The Delta County Board of Commissioners approved a limited-use permit required to install and operate an 80-MW solar project in Southern Delta County, Colorado. When complete, the proposed Garnet Mesa Solar will produce more than 194,000 MWh of electricity each year, enough energy for 18,000 homes.
Delta-Montrose Electric Association (DMEA) will purchase a portion of the energy produced by the solar farm and Guzman Energy will offtake the rest as a power supply to serve additional wholesale customers.
“We are thrilled with the Delta County Board of Commissioners’ unanimous decision to approve the limited use permit to install and operate the Garnet Mesa Solar project. We are grateful for the time and attention the community and County officials gave to the process,” said Robin Lunt, chief strategy officer at Guzman Energy.

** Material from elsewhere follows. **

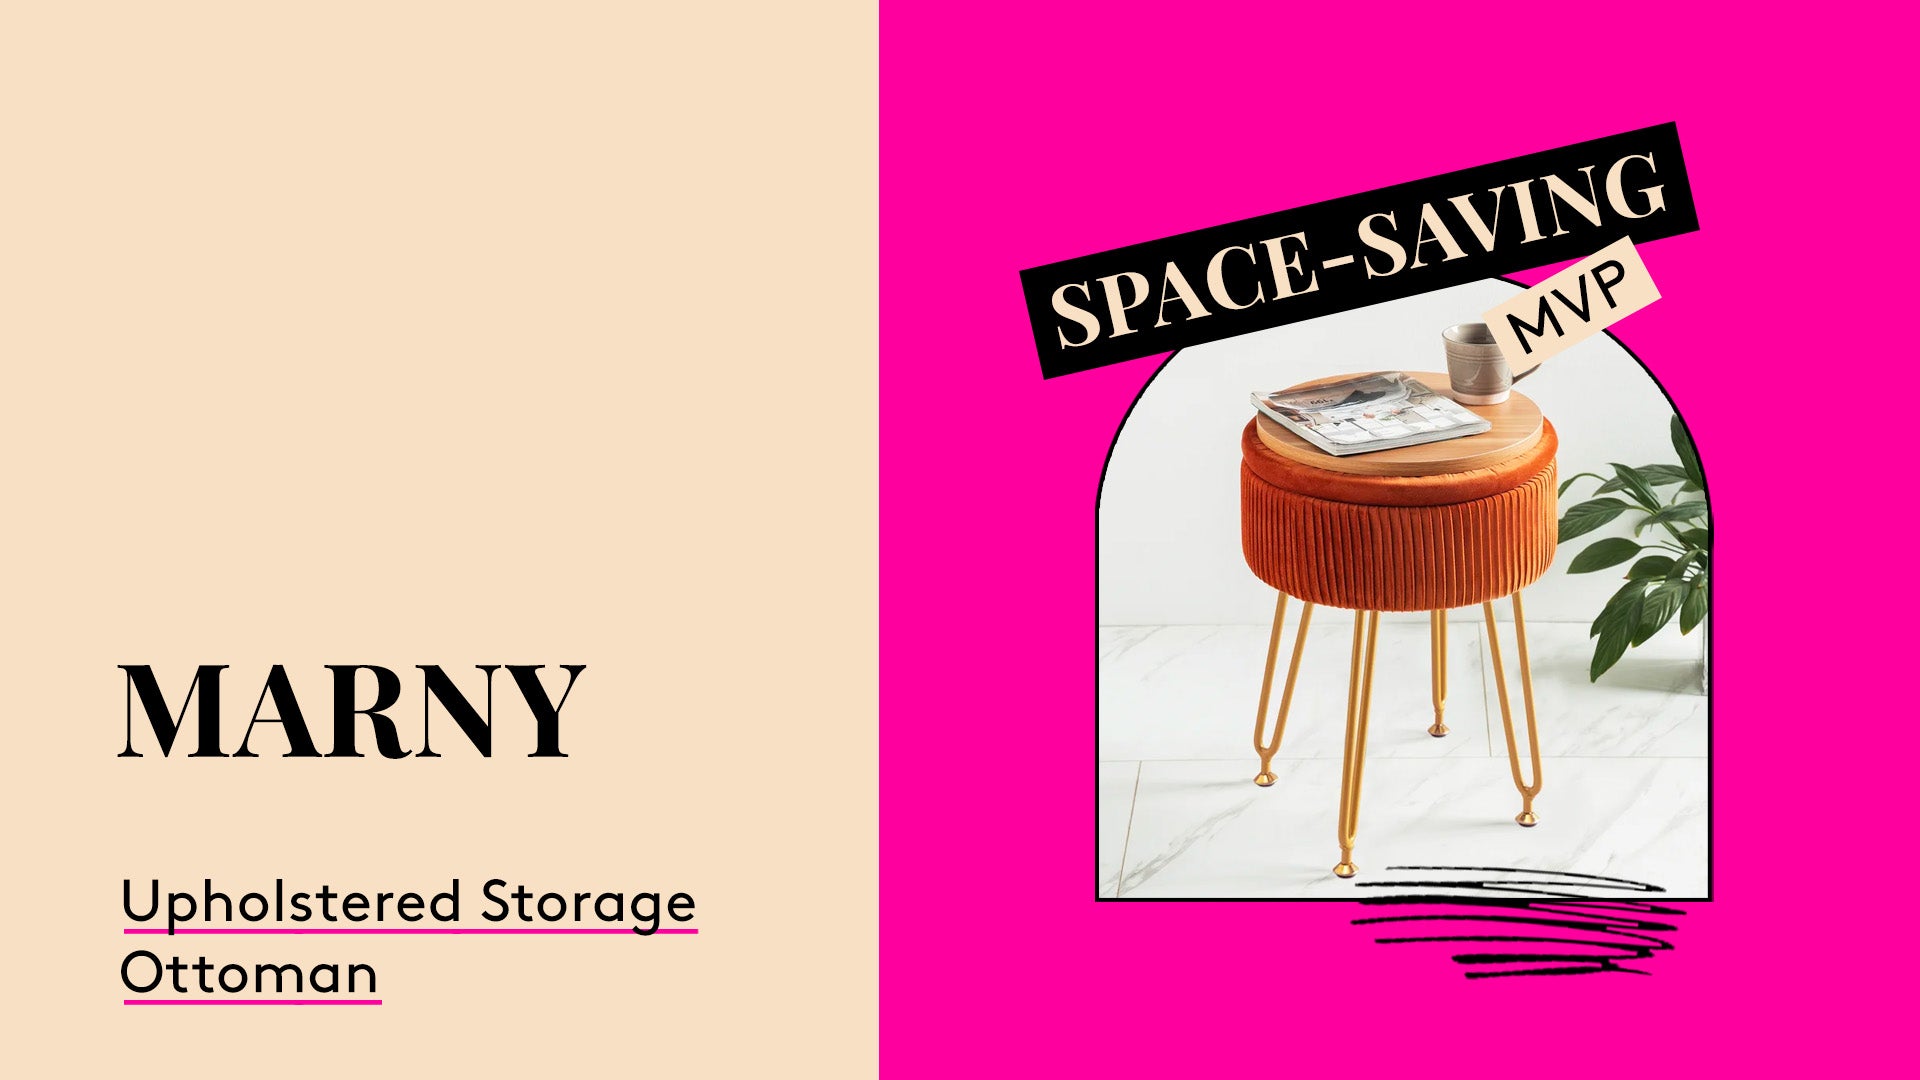 Space Saver MVP. Marny Upholstered Storage Ottoman.

The Garnet Mesa Solar project team will now focus on the next phases of engineering and procurement planning. Construction resource and timing details will be announced following those engineering and procurement planning cycles. The land secured for Garnet Mesa Solar farm construction is currently irrigated and used for livestock grazing, and will continue to after construction of the array is complete.

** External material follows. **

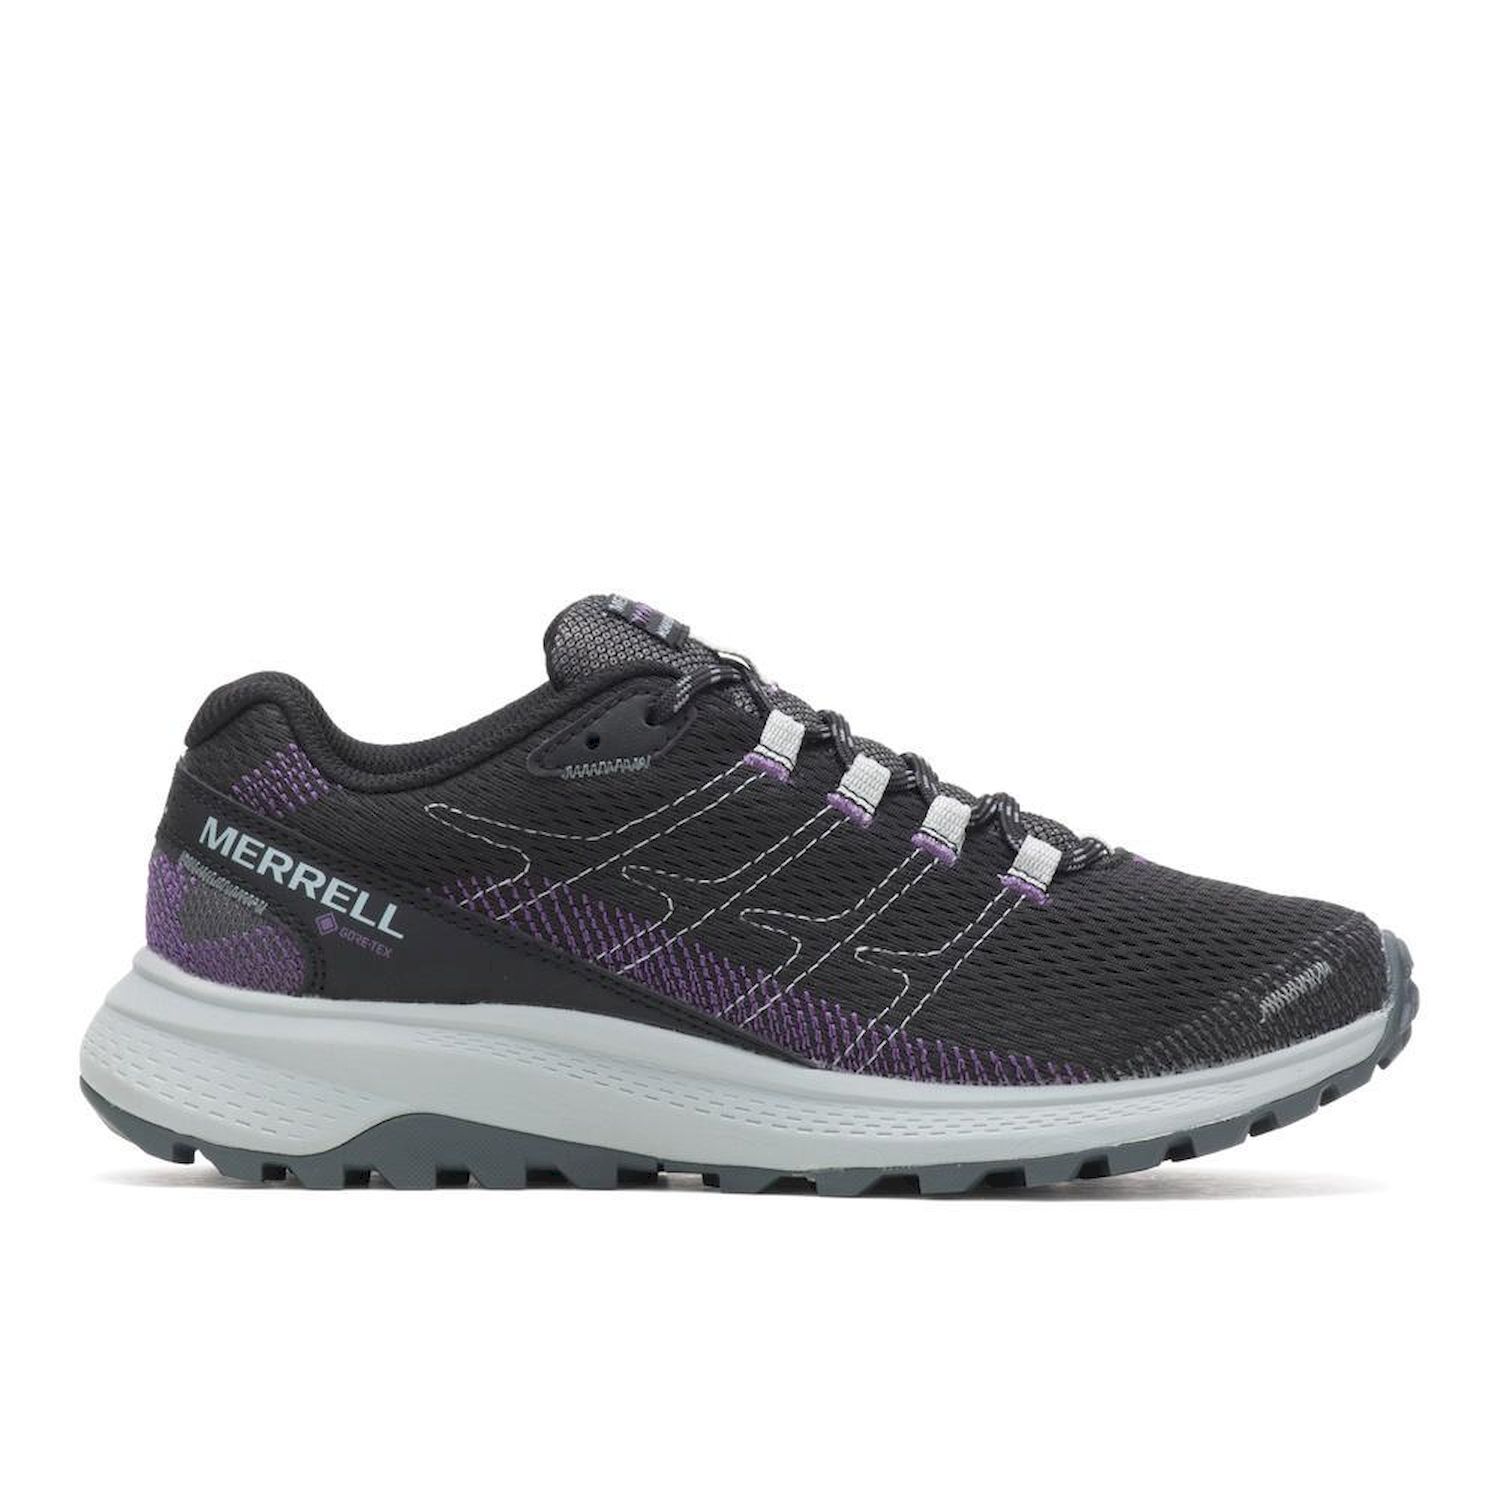 Merrell Fly Strike GTX - Trail running shoes - Women's

Approximately 1,000 sheep will handle grazing and vegetation management on the solar farm.
“With the Commissioners’ approval, we are one step closer to securing a significant amount of local affordable energy. Together, with Guzman Energy, we are driving rate stability for our members,” said Kent Blackwell, interim CEO and chief technology officer at DMEA. “We are confident Garnet Mesa Solar will be a premier example of agriculture and energy co-existing together.”
Garnet Mesa is predicted to employ 350 to 400 people and generate approximately $13 million in tax revenue over 15 years. The project will push DMEA to 20% of local power generation.
The Garnet Mesa Solar project team is comprised of Guzman Energy, DMEA and Citra Power. The Citra team has significant expertise in renewable energy development, technical engineering, EPC management and oversight, project and portfolio acquisitions and wholesale power procurement.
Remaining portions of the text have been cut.